# Baking Soda/ Sodium Bicarbonate



## BigBob (Apr 26, 2018)

I have been telling people about the benefits of Sodium Bicarbonate for years. I started researching when I had Gout many years ago. Besides it is very benefitial to the kidneys. As little as 1/2 teaspoon at night before bed.
I found that I have Rheumatoid arthritis. It flares up now and then. Baking soda has helped immensely. Almost immediate relief from strange random aches and pains.
This study although not perfect is reassuring.

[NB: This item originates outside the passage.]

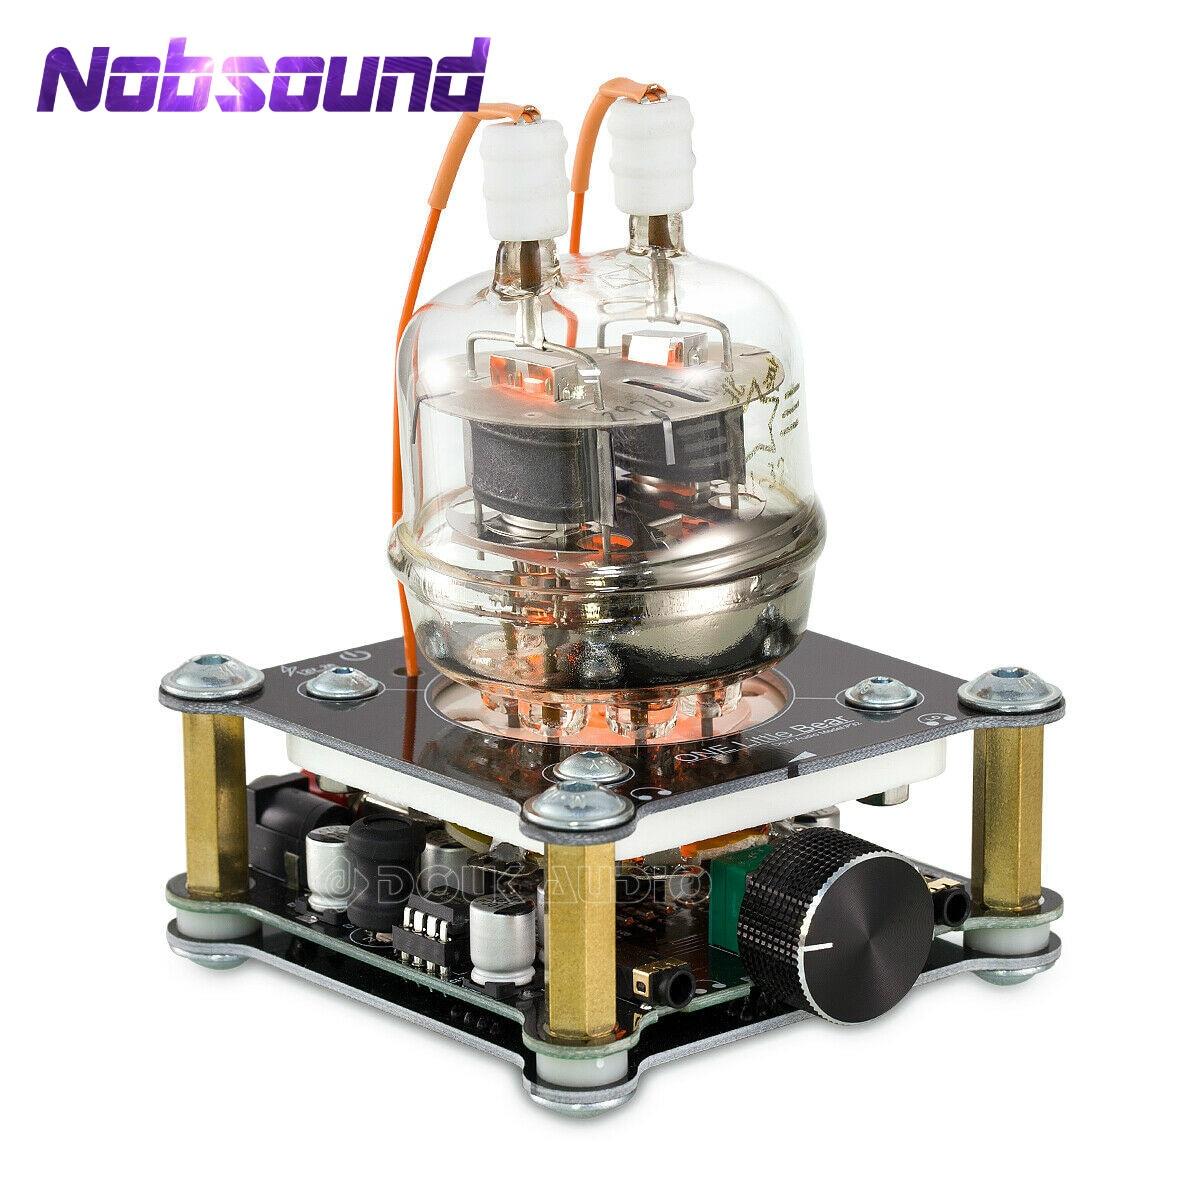 Nobsound Mini FU32 832A Valve Tube Amplifier Hi Fi Stereo Preamp Desktop Tube Headphone Amp

https://eurekalert.org/pub_releases/2018-04/mcog-dbs042418.php


----------



## Sully (Apr 27, 2018)

I wonder if this could help with my IBS. Thanks for the link.


----------



## AGGRO (Apr 28, 2018)

Thanks for posting. I have been meaning to start using SB. Such an easy thing to add in with lots of potential benefits.


----------



## SURGE (May 3, 2018)

Thanks for the link. I have never used it but have heard it is good. I might try it out.


----------



## kathy (May 7, 2018)

Is sodium bicarbonate same as baking soda..can I use the baking soda (that I use for baking) for oral treatment?


----------



## BigBob (May 7, 2018)

kathy said:


> Is sodium bicarbonate same as baking soda..can I use the baking soda (that I use for baking) for oral treatment?


Yes. Exactly the same. 

Sent from my Pixel C using Tapatalk


----------



## srd1 (May 7, 2018)

Couple spoonfulls of baking soda in a small glass of water kills heartburn almost immediately also, tastes like holy ass but the shit works.


----------



## BigBob (May 7, 2018)

srd1 said:


> Couple spoonfulls of baking soda in a small glass of water kills heartburn almost immediately also, tastes like holy ass but the shit works.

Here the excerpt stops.